EXERCISE GOAL: Write out the entries exactly, pictures excluded.

DATA EXCERPTS:
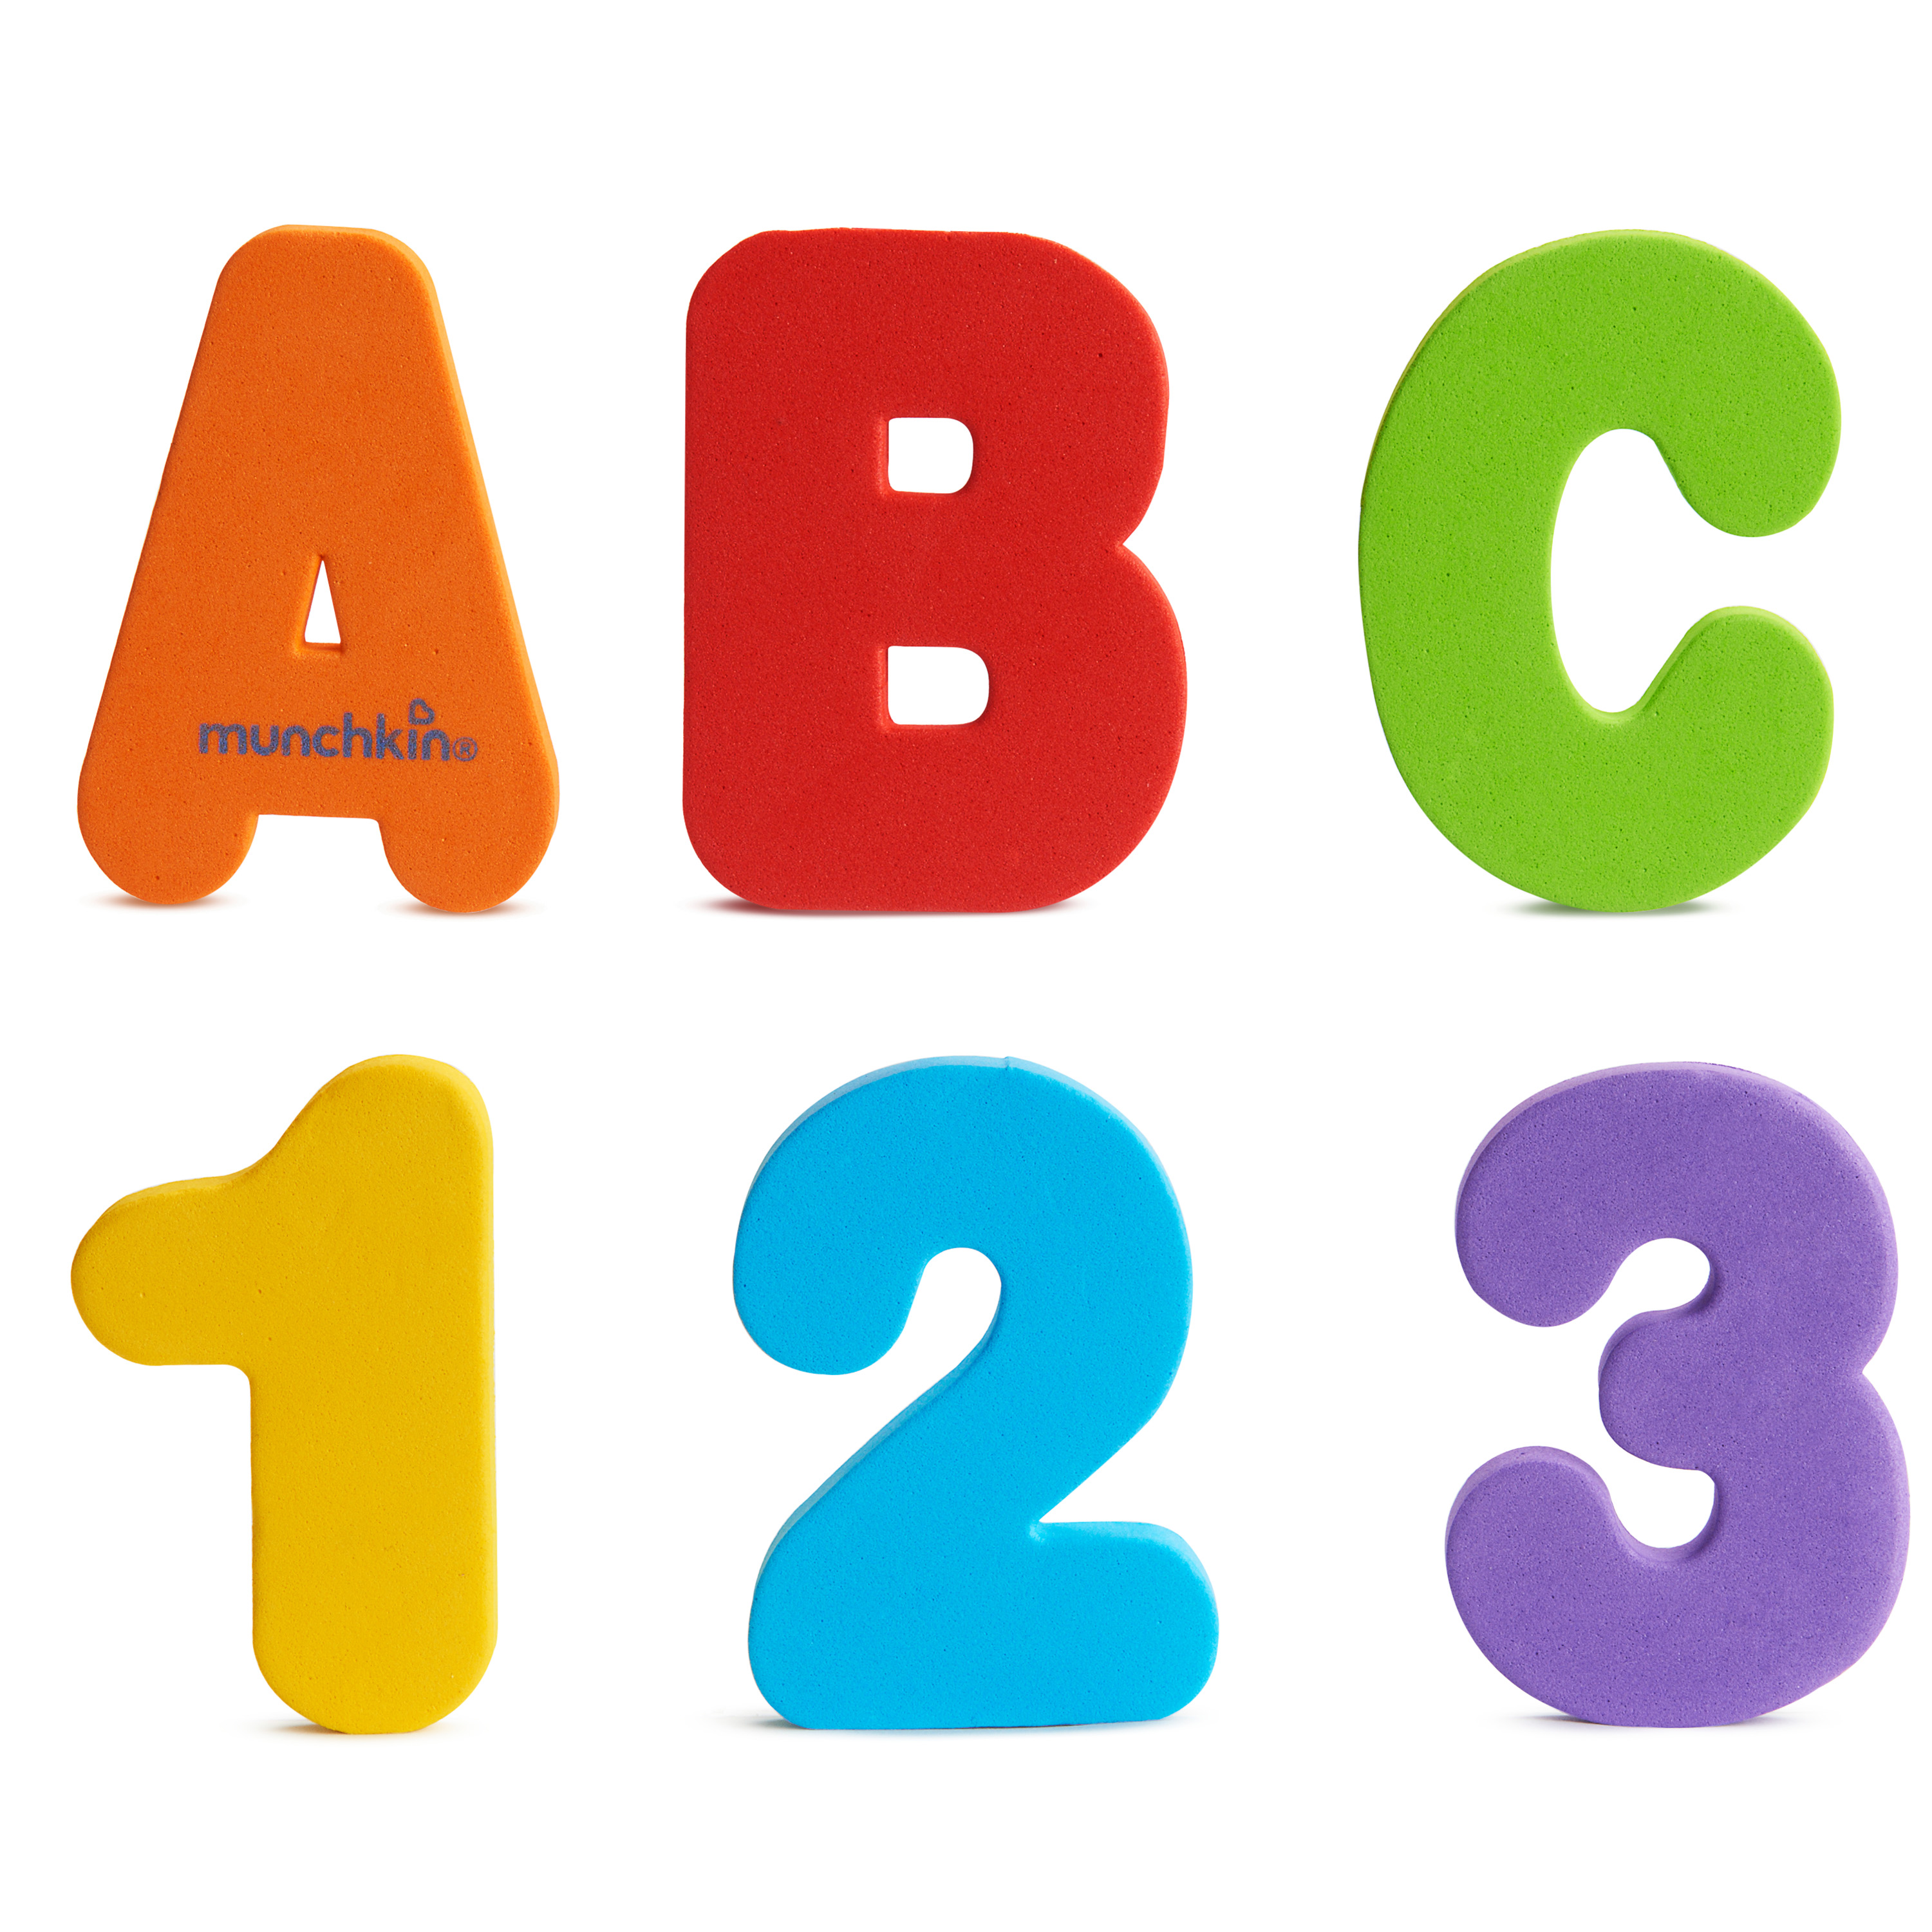 Munchkin Letters and Numbers Bath Toy, Non-Toxic, Multi-Color, 36 Count - image 1 of 8
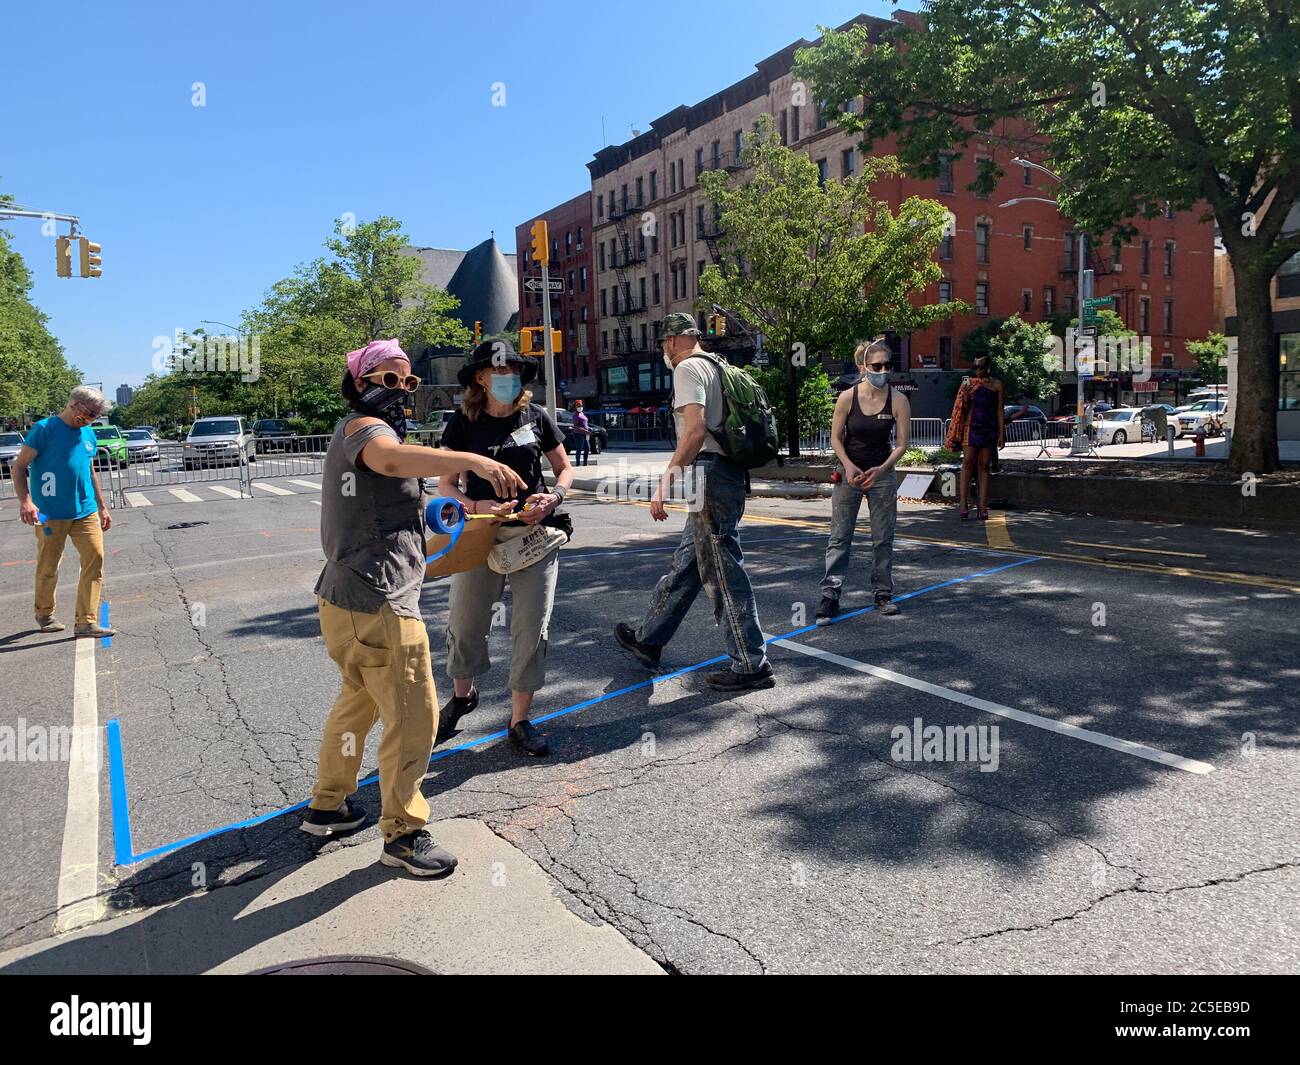 New York, USA. 2nd July, 2020. (NEW) Black lives MatterÃ¢â‚¬â„¢s Mural in Harlem. July 2, 2020, Harlem, New York, USA: Adam Clayton Powell jr Avenue with W 125 to 127 streets, Harlem is closed to the public from today July 2nd till July 5th for the making of Black lives matters mural . They are protesting against the police murder of George Floyd in Minneapolis and police brutality on blacks .Credit : Niyi Fote/Thenews2 Credit: Niyi Fote/TheNEWS2/ZUMA Wire/Alamy Live News Stock Photo
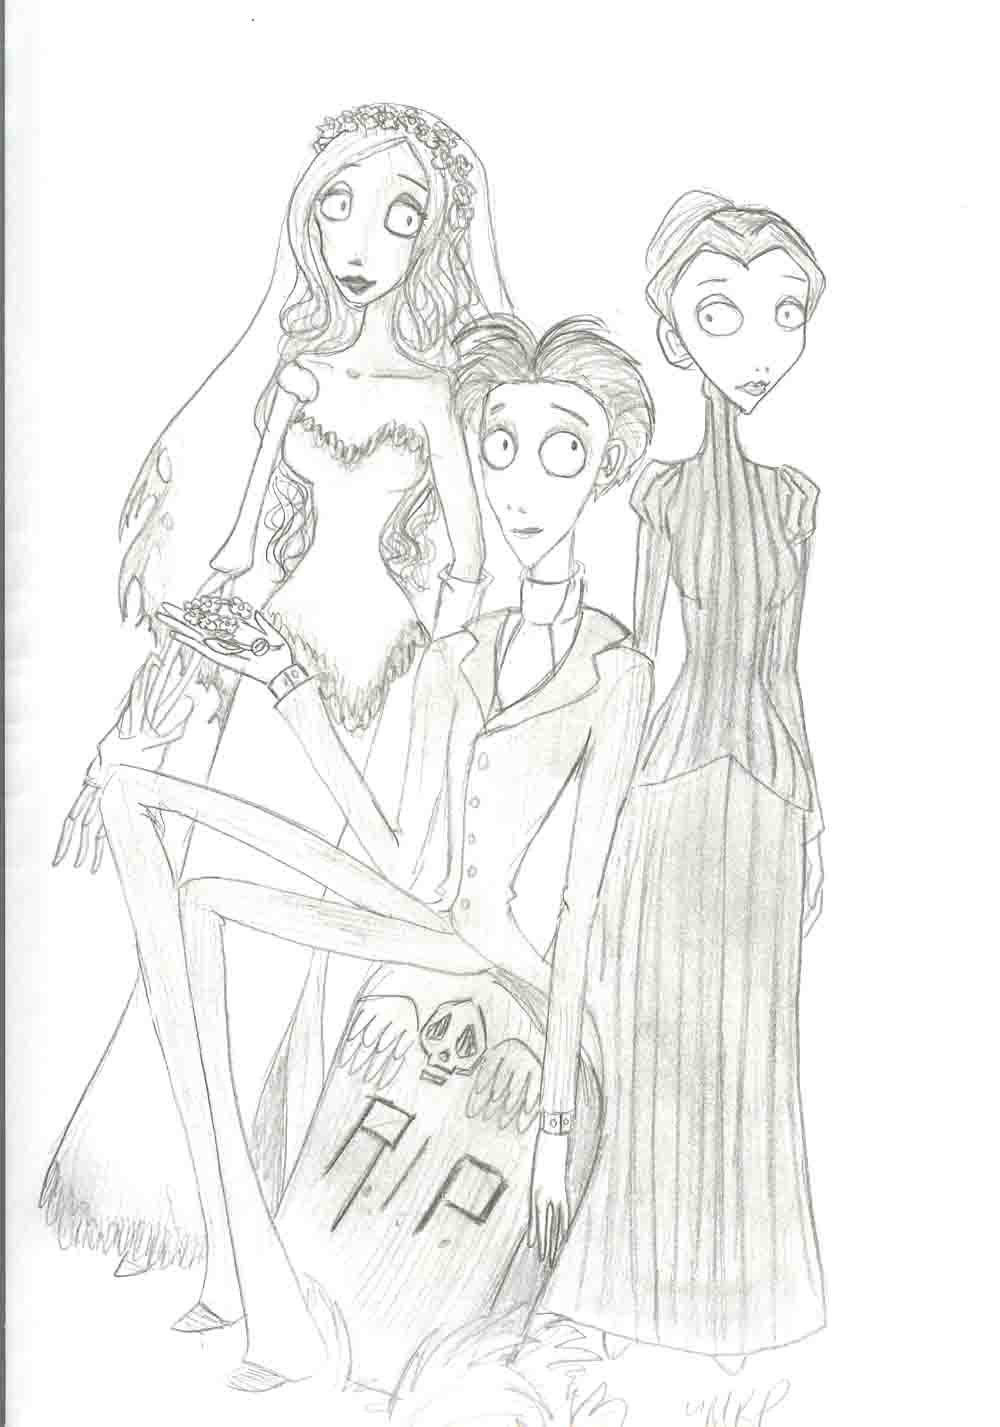 Corpse Bride Coloring Pages
 Corpse Bride by chalmaydisturbed on DeviantArt
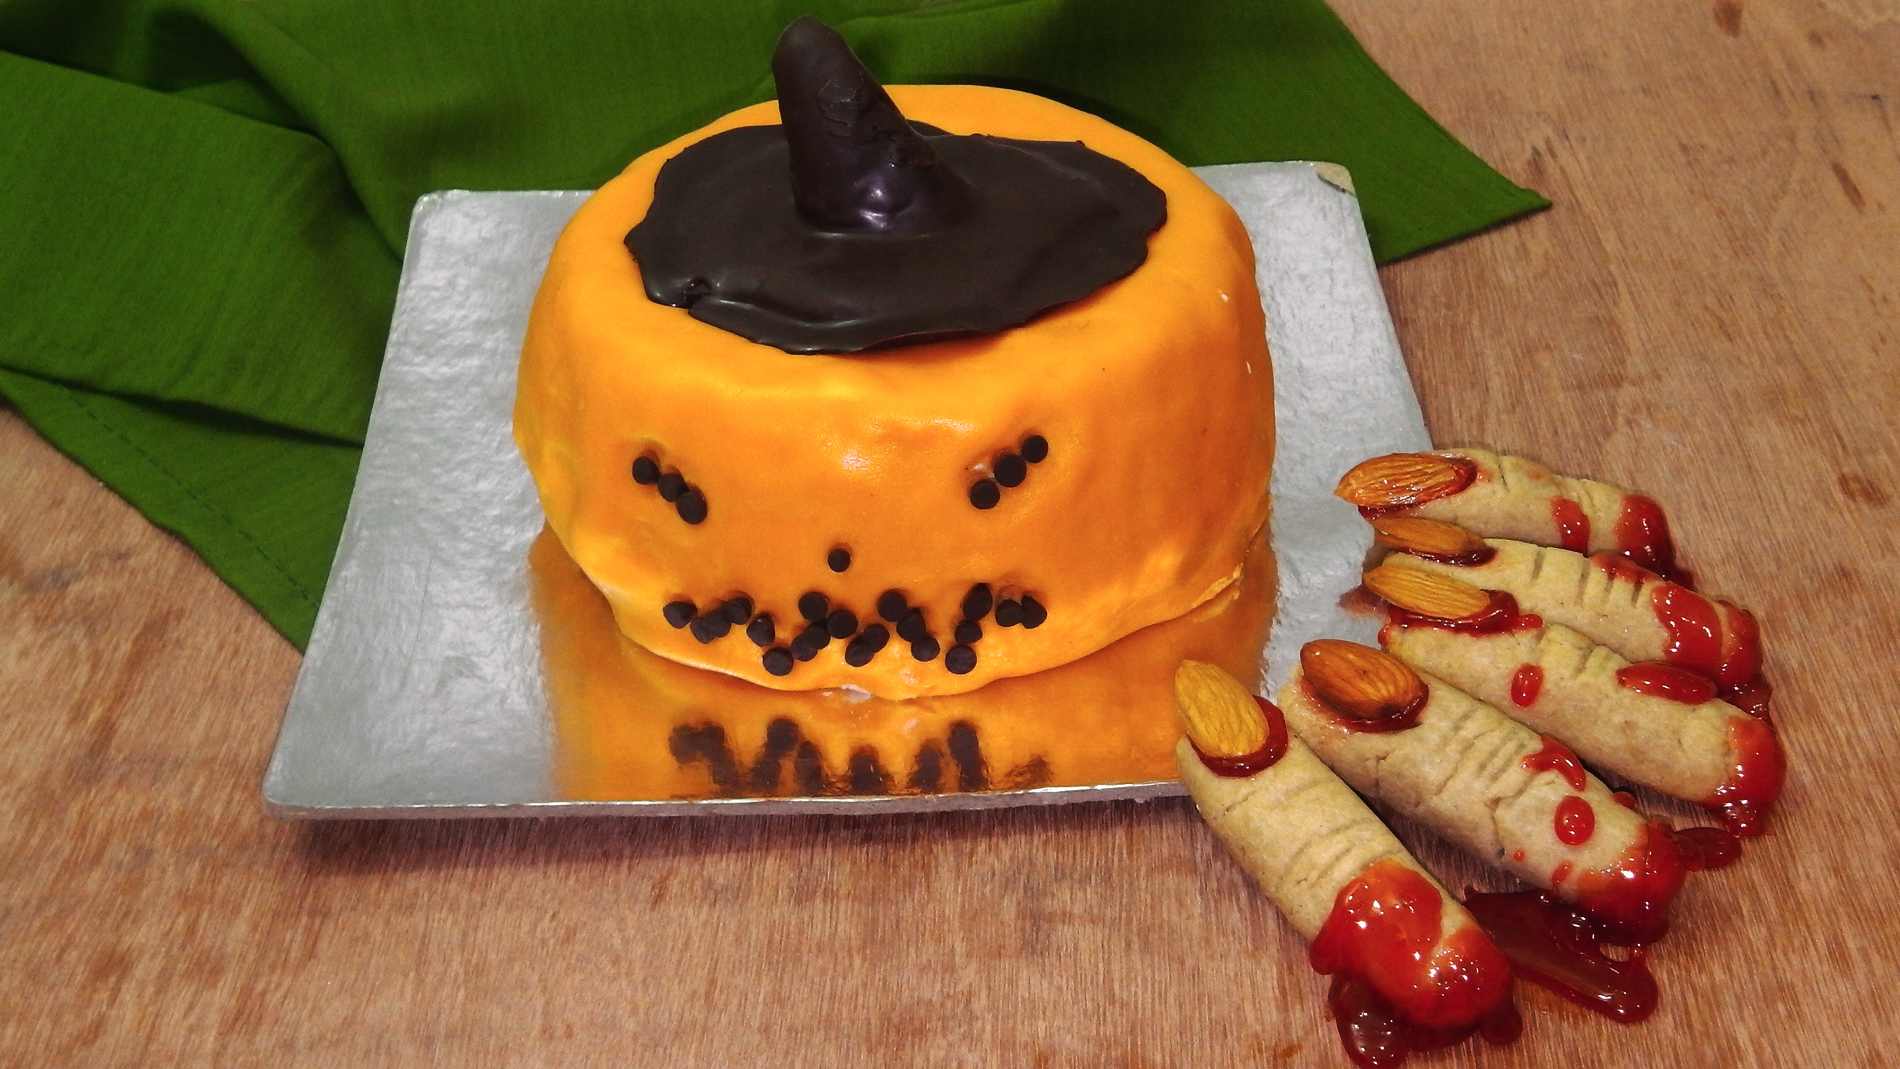 Pumpkin Cake Recipe - Halloween Special - Eggless Baking Without Oven

SOLUTION FOR THIS TASK:
 Munchkin Letters and Numbers Bath Toy, Non-Toxic, Multi-Color, 36 Count - image 1 of 8
 New York, USA. 2nd July, 2020. (NEW) Black lives MatterÃ¢â‚¬â„¢s Mural in Harlem. July 2, 2020, Harlem, New York, USA: Adam Clayton Powell jr Avenue with W 125 to 127 streets, Harlem is closed to the public from today July 2nd till July 5th for the making of Black lives matters mural . They are protesting against the police murder of George Floyd in Minneapolis and police brutality on blacks .Credit : Niyi Fote/Thenews2 Credit: Niyi Fote/TheNEWS2/ZUMA Wire/Alamy Live News Stock Photo
 Corpse Bride Coloring Pages
 Corpse Bride by chalmaydisturbed on DeviantArt
 Pumpkin Cake Recipe - Halloween Special - Eggless Baking Without Oven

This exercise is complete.